I suppose that the people who turn up their noses at the Internet are, like me, relics of the print age. That's not an excuse, though, because the second step you have to take after learning to search for information in dictionaries and encyclopedias and other reference books was to learn to examine that information critically. That came in college, or probably graduate school, for most of us -- I certainly don't remember ever being taught that step. Judging by the right-wing critics who brought us the Culture Wars of the 90s, I wasn't supposed to take it. I was supposed to learn who the authorities were, to listen to them, and not to question them. Alas, I also came of age in the 1960s, when that kind of authority began to wash away under the pounding of the countercultural surf. Not that many of my countercultural cohort really learned to think critically either. But critical thinking, an informed or informable skepticism, isn't really that hard to learn. Is it? Maybe I'm just overgeneralizing from myself there.
What brought on these musings was reading Ellen Sander's Trips: Rock Life in the Sixties (Scribner's, 1975), because Ellen Willis praised it in one of the articles collected in Out of the Vinyl Deeps. I also remembered having read and liked some of Sander's rock journalism in the late 60s. Trips is long out of print, and even the university library didn't have it, but I lucked out and found a second-hand copy with dust jacket intact for a reasonable price. It turns out to be a harder read than I expected, sloppily written, with way too much "far out" gushing about the lost innocence and beauty of the scene just a few short years before Sander wrote the book. She's not entirely clear about when innocence supposedly died: at one point it's the assassination of John F. Kennedy, later it seems to have survived for another five to ten years, but always that generational innocence seems to be Sander's. She admits that she wasn't very political, and that comes through.

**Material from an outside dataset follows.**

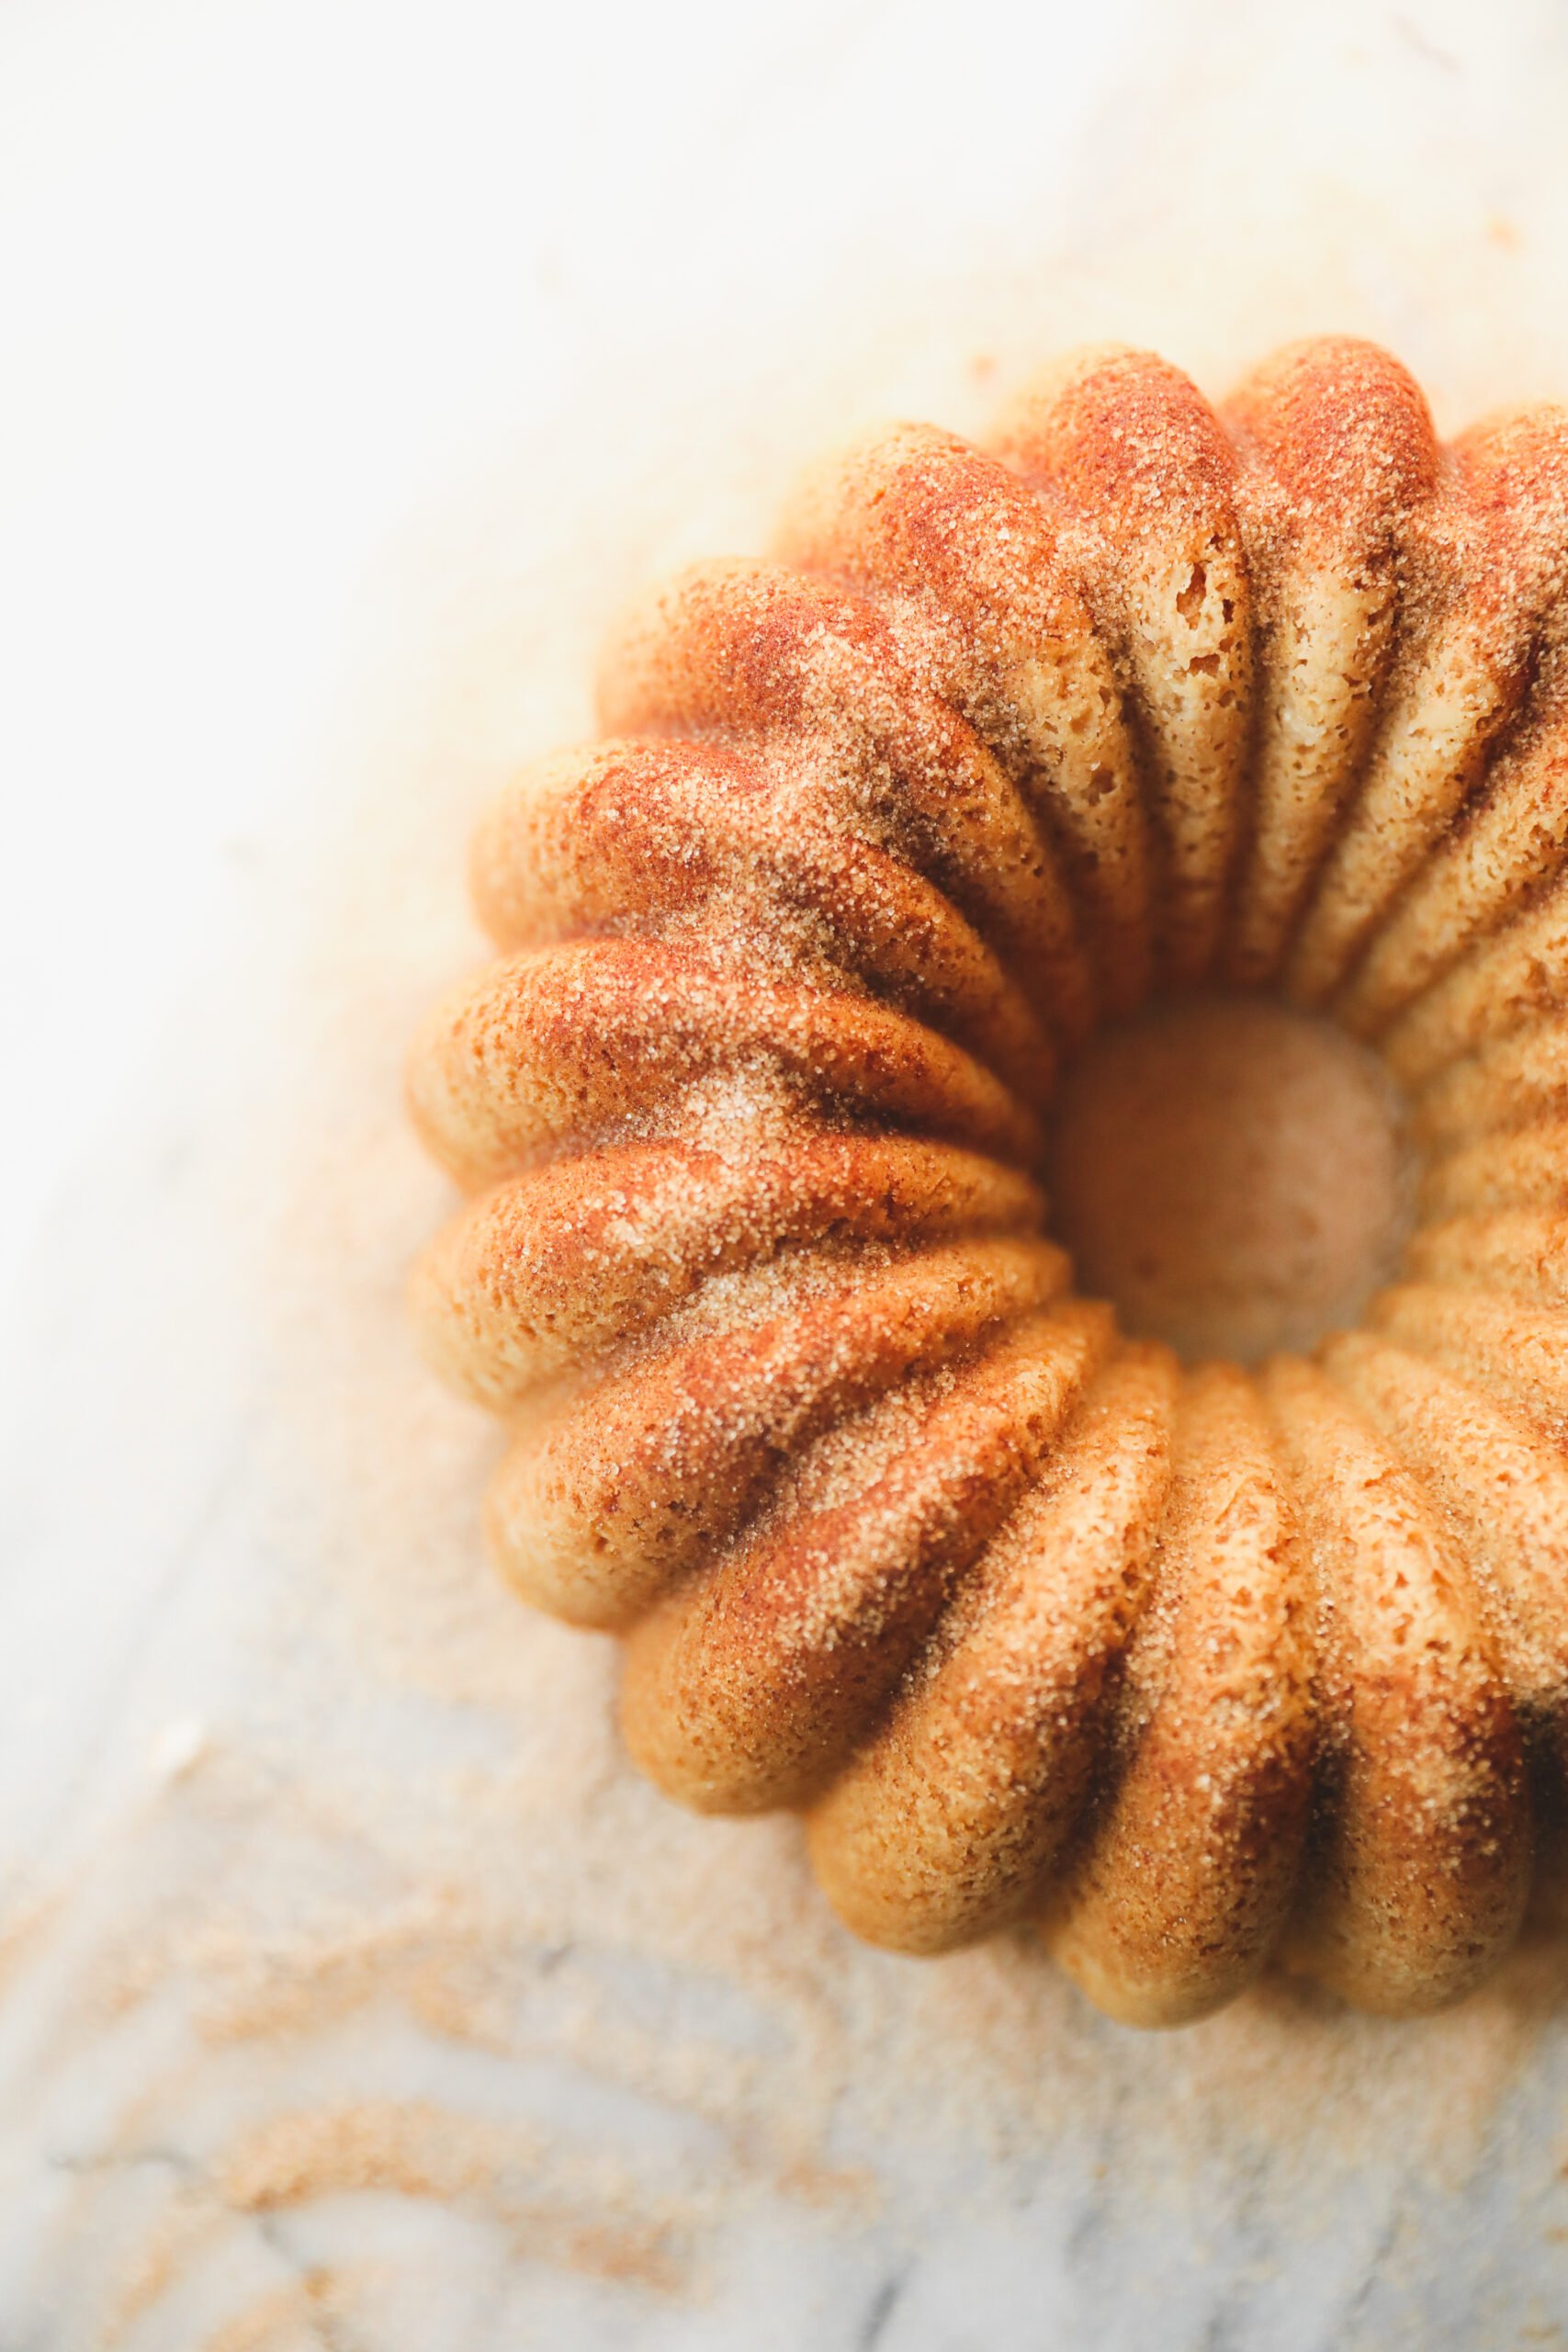 snickerdoodle Bundt Cake dusted with cinnamon sugar

Anyway, I was chugging along through the book when I came to Sander's account of the Byrds, which includes brief reviews of their early albums. Of the third, she wrote on page 84:
5-D continued with “I Come and Stand at Every Door,” one of their most underrated compositions. The tune was an adaptation of the achingly beautiful ancient Childe ballad “The Silkie of Sule Skerry.” The words, set in a soft undulating cadence, were words from the ghost of a seven-year-old child killed at Hiroshima begging the world to make peace.I was pretty sure that the song wasn't written by the Byrds, so I did some fact-checking. On the original LP it's credited to "N. Hikmet," who it turns out was a Turkish poet named Nazim Hikmet, 1902-1963, who "was repeatedly arrested for his political beliefs and spent much of his adult life in prison or in exile." You can hear it in Turkish on YouTube; Joan Baez sings that version here. The version sung by the Byrds was the work of Pete Seeger, using "a singable translation" by Jeanette Turner, and a melody he stole from an MIT student: "an extraordinary melody put together by an Massachusetts Institute of Technology student [James Waters] who had put a new tune to a mystical ballad [The Great Silkie]" which he couldn't get out of his head, without permission. Seeger wrote in Where Have All the Flowers Gone: "It was wrong of me. I should have gotten his permission. But it worked." Folk artists often steal, but Seeger has been known to copyright his thefts.

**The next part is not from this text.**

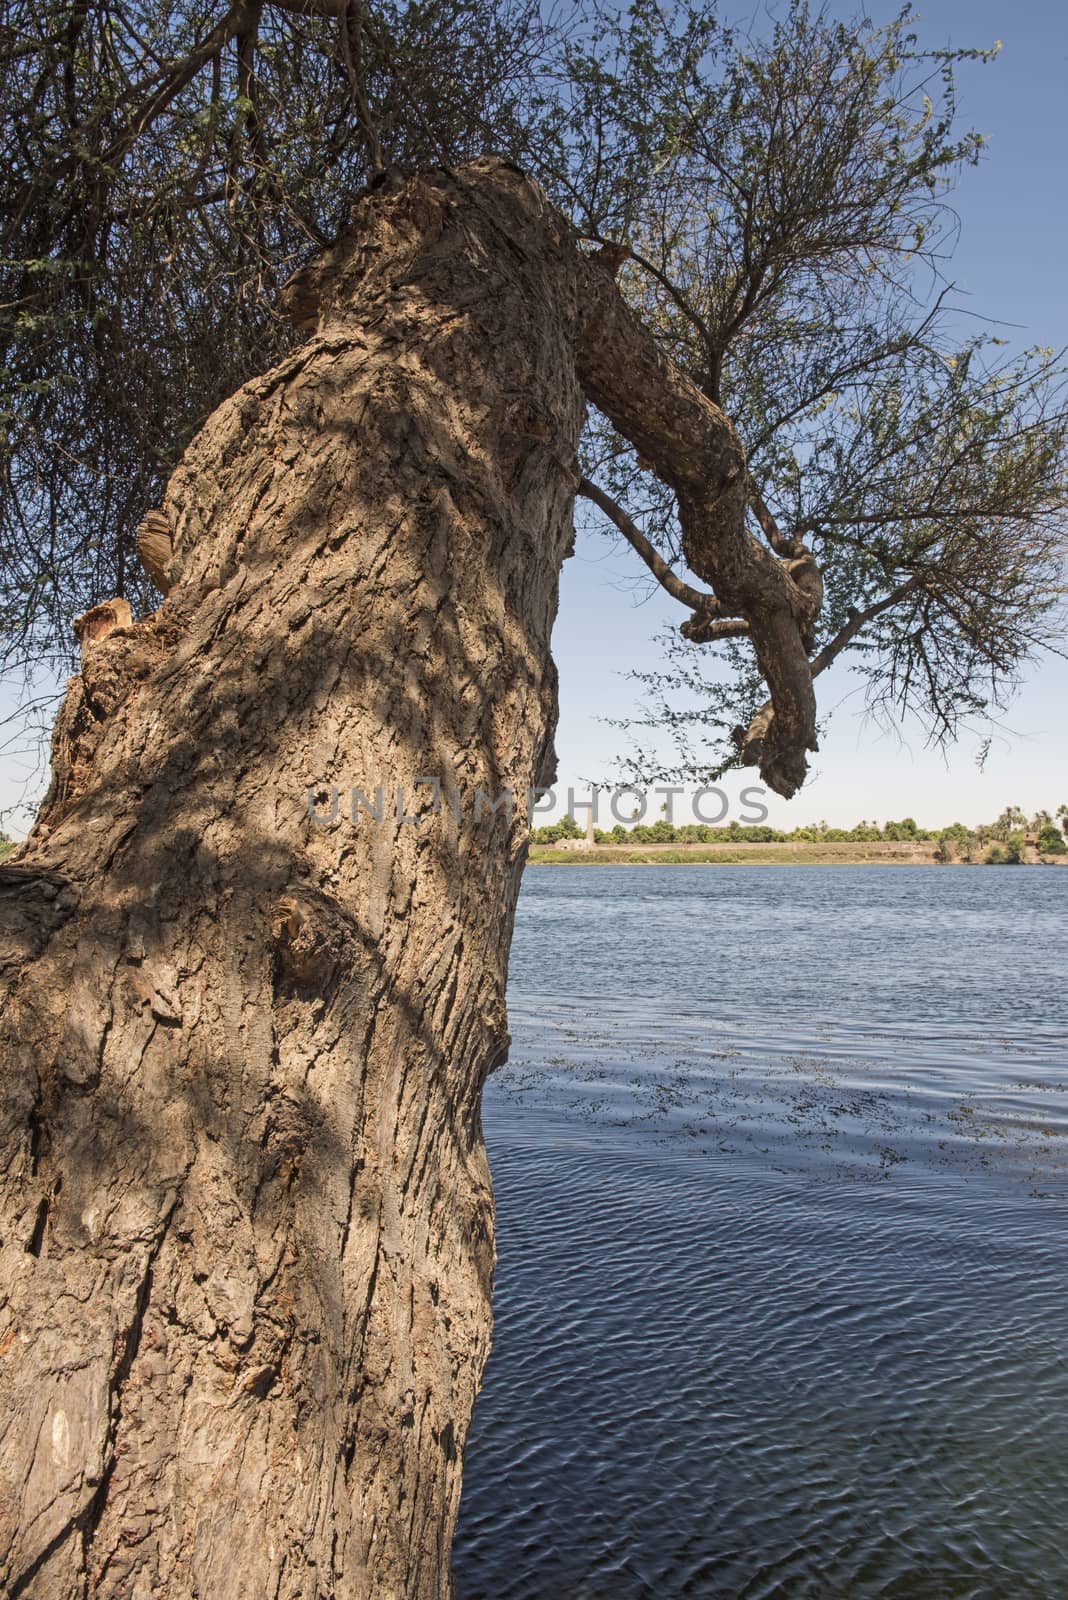 Close-up detail of large curved tree trunk hanging out over wide river water

Some of this information was not easily available when Sander wrote Trips, but that's exactly my point: it's much easier nowadays to find things out with the Internet, a computer, a web browser, and a search engine. On the other hand, a look at the writers' credits on the album would have sufficed to let Sander know that "I Come and Stand at Every Door" was not by the Byrds.
And that's not all. On the very next page she writes about the Byrds' fourth album:
It was nonetheless a brilliantly assembled record, called Younger than Yesterday after the Dylan song of the same name it featured.You don't even need the Internet for this one. The Dylan song she refers to is "My Back Pages," not "Younger than Yesterday," and it doesn't even contain those words. The album title alludes to the song's refrain, "Ah, but I was so much older then, I'm younger than that now."

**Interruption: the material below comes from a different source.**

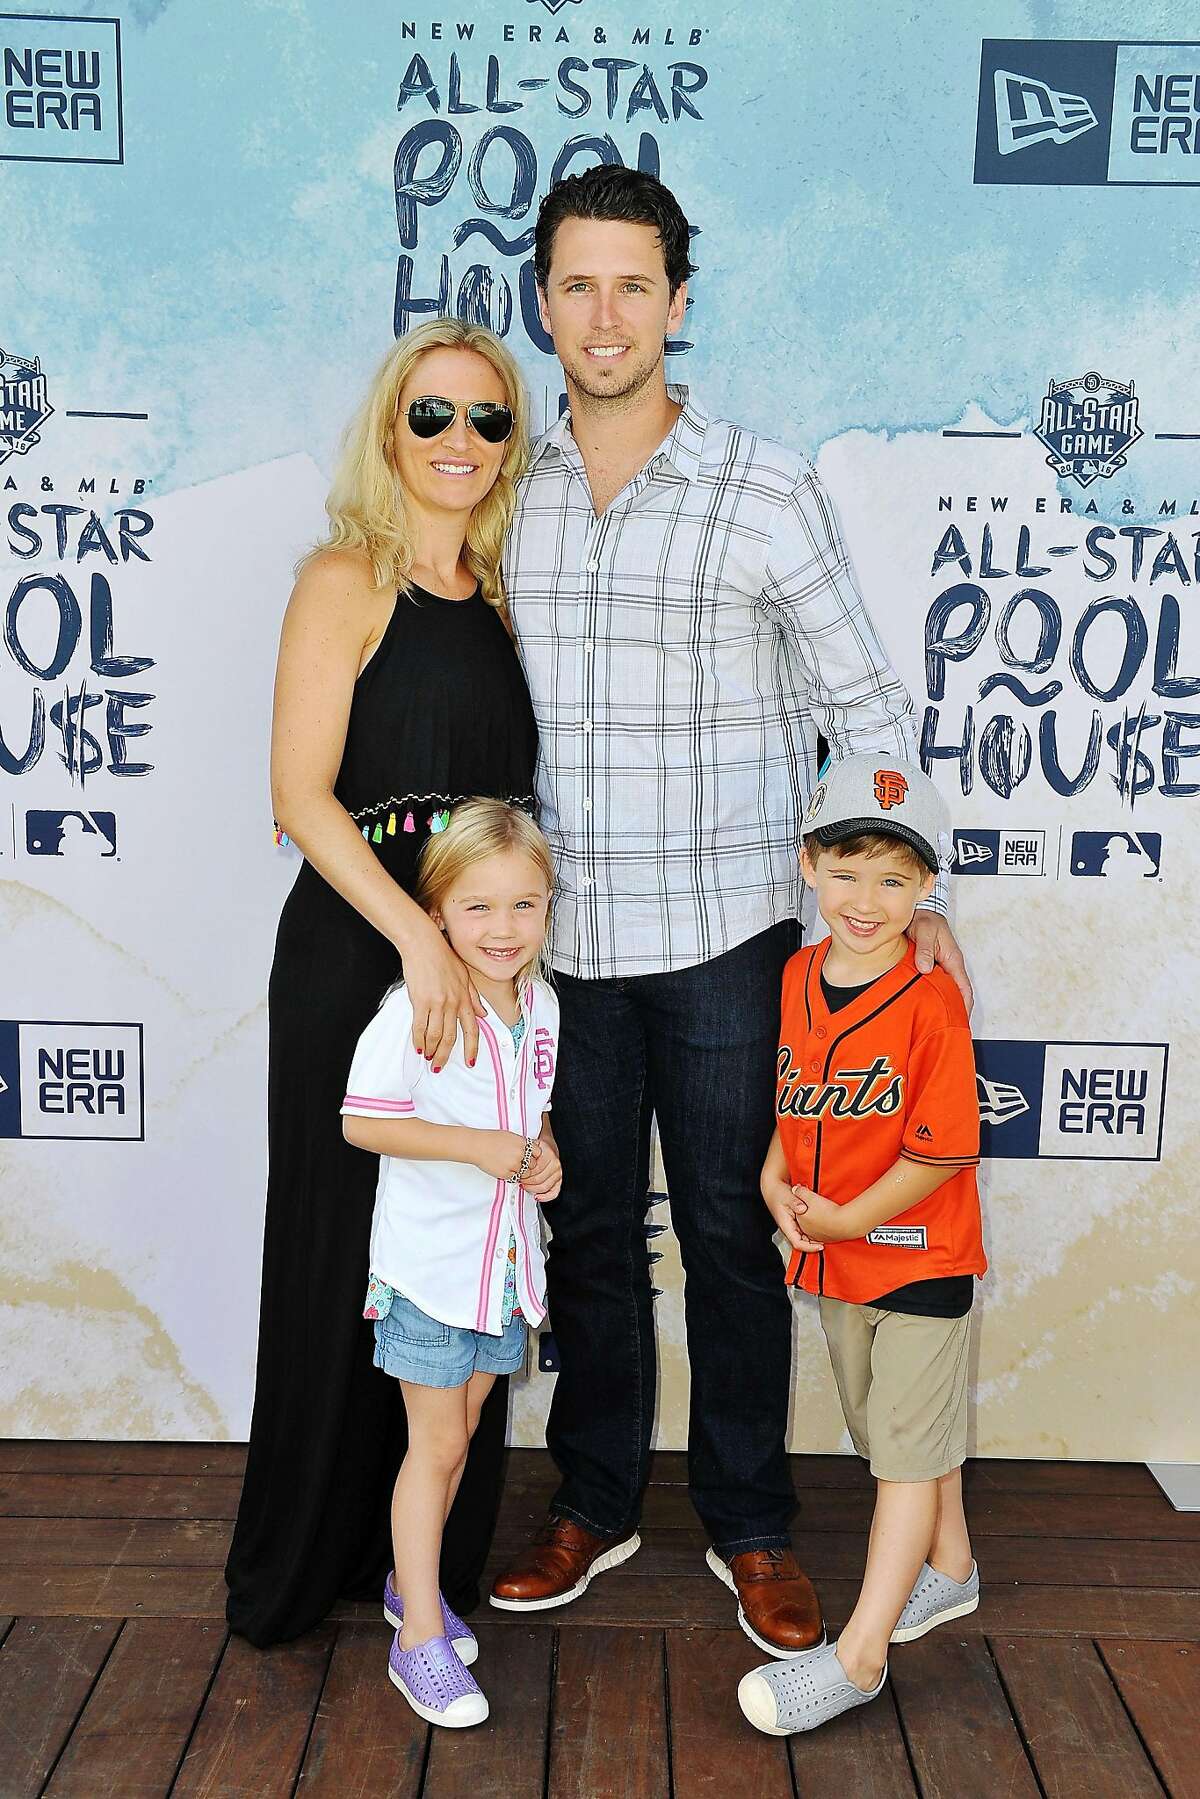 buster posey family

(I just noticed that on page 121 Sander describes a Led Zeppelin concert in a Boston venue which was "formerly a synagogue, the stage sat in front of what was once the altar." Synagogues don't have altars. This is a funny error, since Sander is Jewish herself, though probably not observant.)
The last hundred pages of Trips, co-written with Tom Clark, billed as "A Rock Taxonomy," consists of capsule reviews of significant rock musicians. The writing is tighter, but still haphazard, and the material is full of factual errors: misspellings of musicians' names, misattributions, and so on. (The great girl groups of the early 60s are conspicuous by their absence, but that's a matter of judgment, not fact.) It can be argued that rock journalism wasn't taken seriously in those days, but this book was issued by a reputable mainstream publisher, and despite Sander's thanks to her editor in the Preface, it reads as though it never saw an editor. But that's my other point here: print books can and do contain egregious errors. Whether you do your research on the Internet or in the bookshelves of a print library, you can't assume that what you find there is true.